Department of Radiation Oncology, University of Virginia School of Medicine, Charlottesville, VA.
Department of Radiation Medicine, Georgetown University School of Medicine, Washington, DC.
Brachytherapy. 2020 May-Jun;19(3):348-354. doi: 10.1016/j.brachy.2020.02.005. Epub 2020 Mar 28.
Intraoperative radiation therapy is an emerging option for adjuvant therapy for early stage breast cancer, although it is not currently considered standard of care in the United States. We applied time-driven activity-based costing to compare two alternative methods of breast intraoperative radiation therapy, including treatment similar to the techniques employed in the TARGIT-A clinical trial and a novel version with CT-guidance and high-dose-rate (HRD) brachytherapy.
Process maps were created to describe the steps required to deliver intraoperative radiation therapy for early stage breast cancer at each institution. The components of intraoperative radiation therapy included personnel, equipment, and consumable supplies. The capacity cost rate was determined for each resource. Based on this, the delivery costs were calculated for each regimen. For comparison across centers, we did not account for indirect facilities costs and interinstitutional differences in personnel salaries.
The CT-guided, HRD form of intraoperative radiation therapy costs more to deliver ($4,126.21) than the conventional method studied in the TARGIT-A trial ($1,070.45). The cost of the brachytherapy balloon applicator ($2,750) was the primary driver of the estimated differences in costs. Consumable supplies were the largest contributor to the brachytherapy-based approach, whereas personnel costs were the largest contributor to costs of the standard form of intraoperative radiation therapy.

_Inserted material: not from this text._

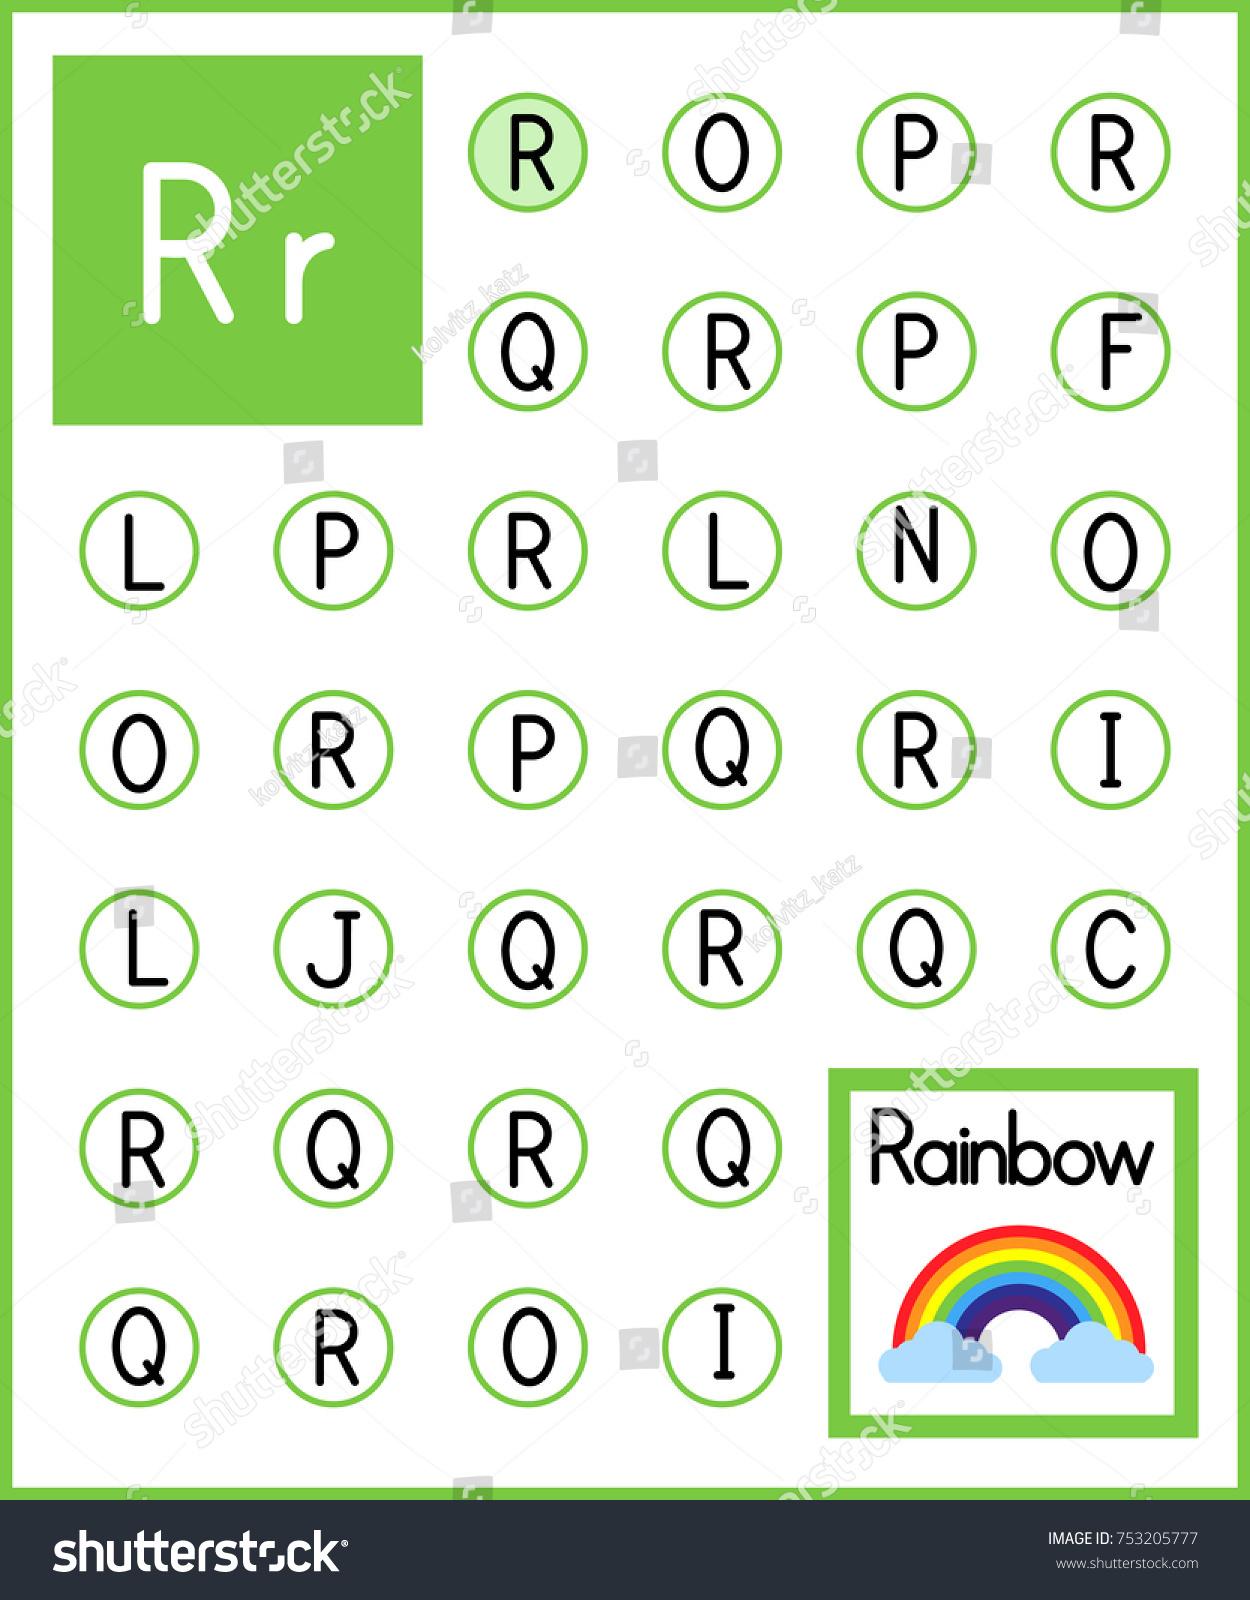 Letter R Worksheet

When compared with the more established method of intraoperative radiation therapy using a portable superficial photon unit, the delivery of treatment with CT guidance and HDR brachytherapy is associated with substantially higher costs. The excess costs are driven primarily by the cost of the disposable brachytherapy balloon applicator and, to a lesser extent, additional personnel costs. Future work should include evaluation of a less expensive brachytherapy applicator to increase the anticipated value of brachytherapy-based intraoperative radiation therapy.
术中放射治疗是早期乳腺癌辅助治疗的一种新兴选择,尽管它目前不是美国的标准治疗方法。我们应用时间驱动的作业成本法比较了两种不同的乳腺癌术中放射治疗方法,包括类似于 TARGIT-A 临床试验中采用的技术的治疗方法和一种具有 CT 引导和高剂量率(HRD)近距离放射治疗的新型方法。

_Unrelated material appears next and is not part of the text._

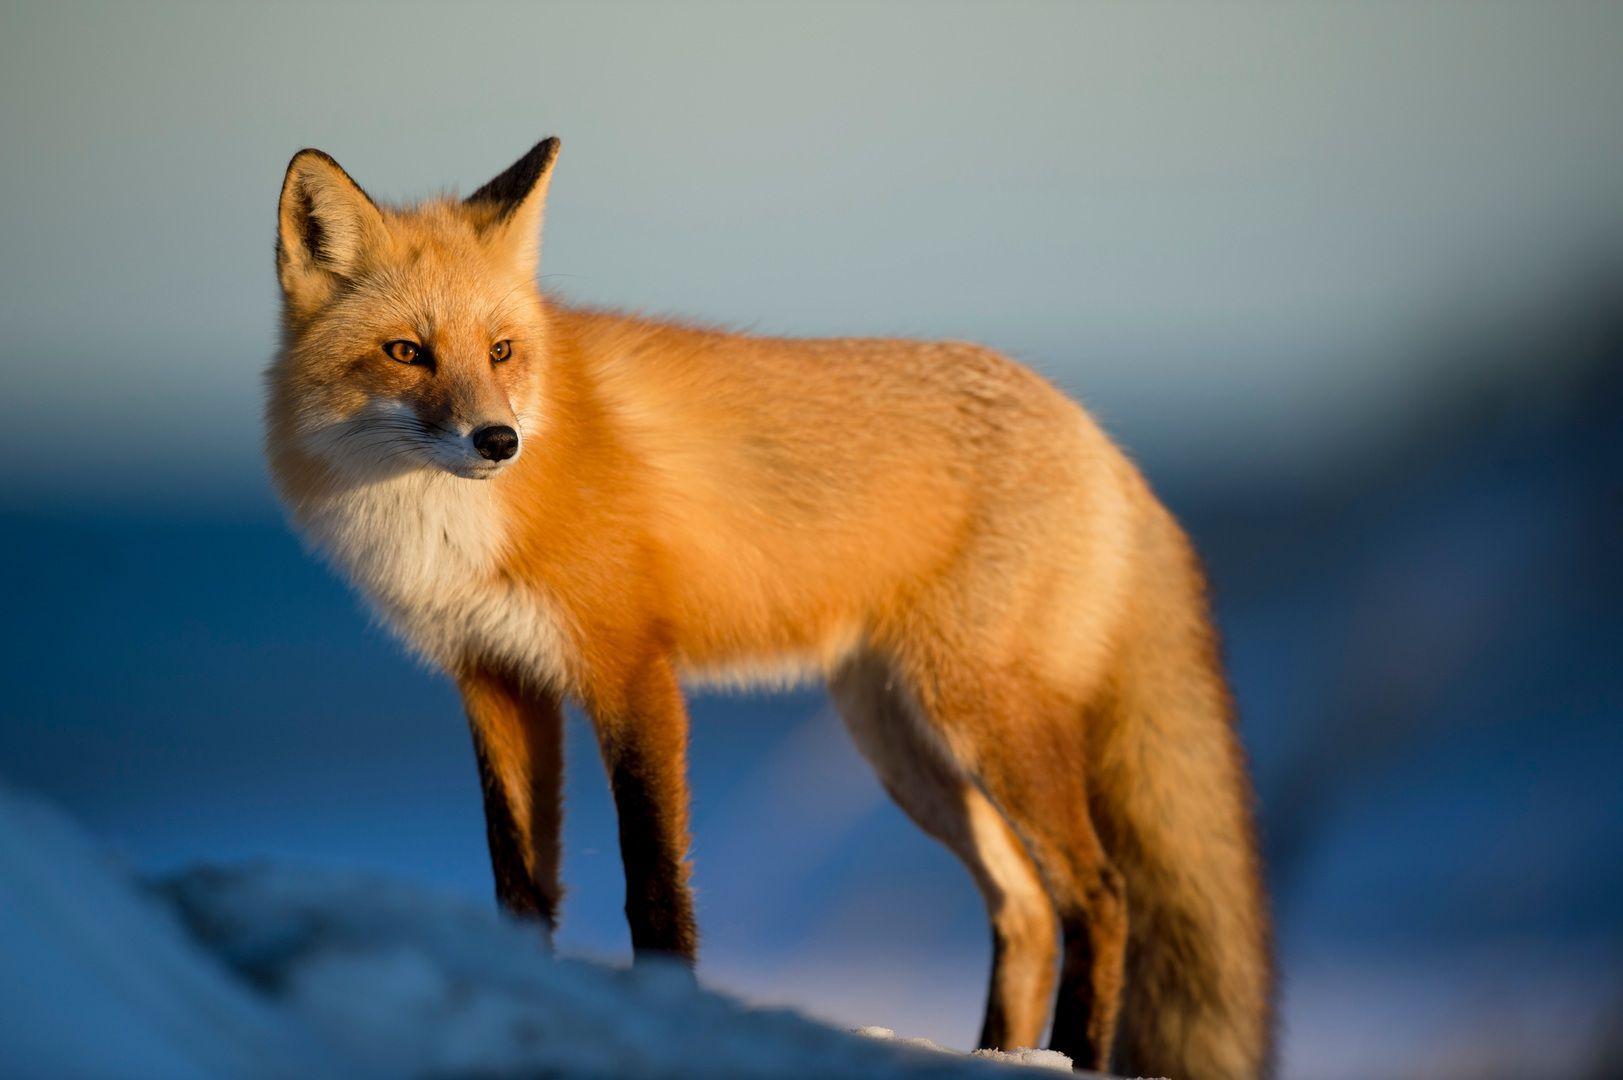 Red fox standing in sunlight

创建流程图以描述每个机构提供早期乳腺癌术中放射治疗所需的步骤。术中放射治疗的组成部分包括人员、设备和消耗品。确定了每个资源的产能成本率。在此基础上,计算了每种方案的治疗费用。为了进行跨中心比较,我们没有考虑间接设施成本和机构间人员工资的差异。
与在 TARGIT-A 试验中研究的常规方法相比,CT 引导的 HRD 形式的术中放射治疗的治疗费用更高(4126.21 美元)。近距离放射治疗球囊施源器的成本(2750 美元)是造成成本差异的主要原因。消耗品是近距离放射治疗方法的最大贡献者,而人员成本是标准形式术中放射治疗成本的最大贡献者。
与使用便携式浅层光子设备的更成熟的术中放射治疗方法相比,使用 CT 引导和 HDR 近距离放射治疗的治疗费用明显更高。额外成本主要由一次性近距离放射治疗球囊施源器的成本驱动,其次是额外的人员成本。未来的工作应包括评估更经济的近距离放射治疗施源器,以提高基于近距离放射治疗的术中放射治疗的预期价值。